The door banging steadily grew more angry and violent and eventually the door forced its way in. And on the other side of it was a white capped man, standing proudly in a sky blue shirt with law enforcement insignia; night stick at the ready. Behind the mammoth police officer, a gargantuan jungle green clad corporal stood there with his notepad and firearm teasing its way through his spilling waist.
Taabu was rocking his wife in his arms back and forth, muttering something under his breath in a snotty mess. It took the police officer with the night stick, beating a response out of him, to respond.
“Ndiyo ofisa, ni mimi?”
“Nini imetendeka hapa?”
Taabu was in a daze; his lips moved nothing came out. He slumped back to the kitchen floor Kanini now sprawled on the floor. The corridor outside his door was now filled with nosey neighbours hunting for story fodder. There were gasps laced with, “Ngai, mwathani!” ‘Woi Jesu!” And “Nilijua!” with headshakes and accusatory glances at him.

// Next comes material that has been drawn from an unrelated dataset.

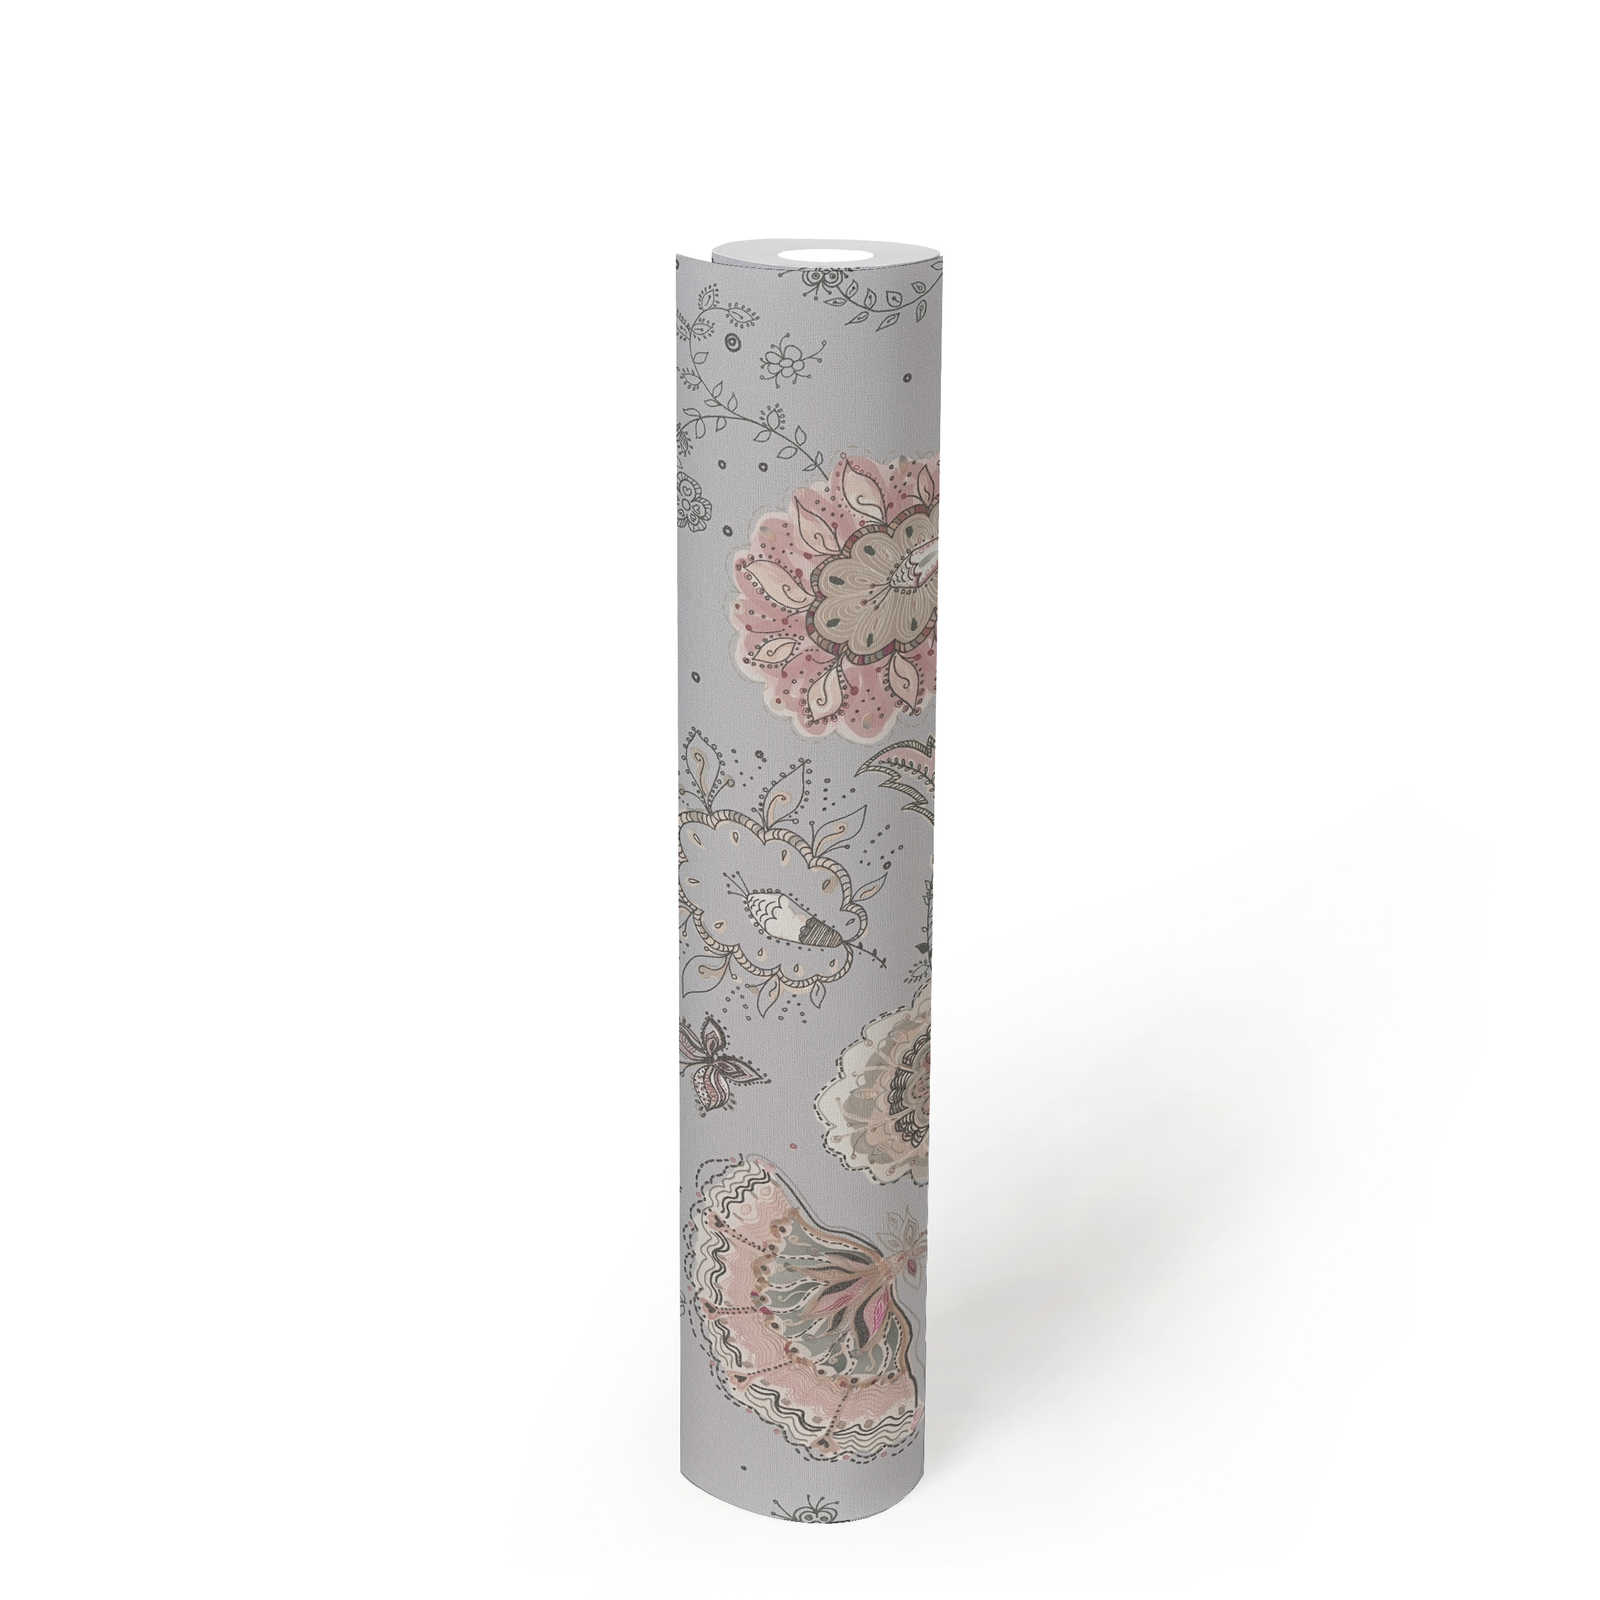             Papel pintado no tejido con motivo floral abstracto de estructura fina - gris, beige, crema

Taabu said nothing, a fleet of police officers swarmed his house, they collected Kanini’s body and left. The door hung awkwardly gripping on the hinge. It looked like someone doing plunges. The police walked away, residents staring in awe at what was unfolding before their very eyes.
Taabu sobbed his eyes fixed on where Kanini had lain. That was 50 weeks ago. Taabu was cleared of all charges, but no one knew what the cause of death was. The note that Taabu was now glancing at communicated nothing, if at all that was a supposed suicide note from Kanini. “Goodbye.”
Taabu asked himself again, “Goodbye?” It was a surprise that he still had his book deal intact. “You could write a story from this experience Taabu! Creative genius blossoms out of pain and tragedy.” His publicist told him. Taabu had attempted to adjust to normal life about 3 months ago and resume his book after the case ended and ruled out suicide, with no suspects in line for murder.
Taabu snapped out of his 2 hour long day dream and began to type, “Ugly people finish last.” He smiled and continued,
“Ronney, Andre, Miguel and James were the college studs. I was the geek with the unattractive name who knew my only survival in this earth was the books. That changed when I met Kanini, the other person I met who unlike me, may have had a queer name, was beautiful. She made college worth my while. For the first time with my congenital facial deformity that underwent repeated botched reconstructive surgery, I felt worthy of love. But I should have known that the love wasn’t natural for a man of my looks. It may have been genuine, but it wasn’t to last…
Taabu’s cursor blinked as he ceased typing, head hung, tears streaming down his cheeks and he fell back in to his day dream.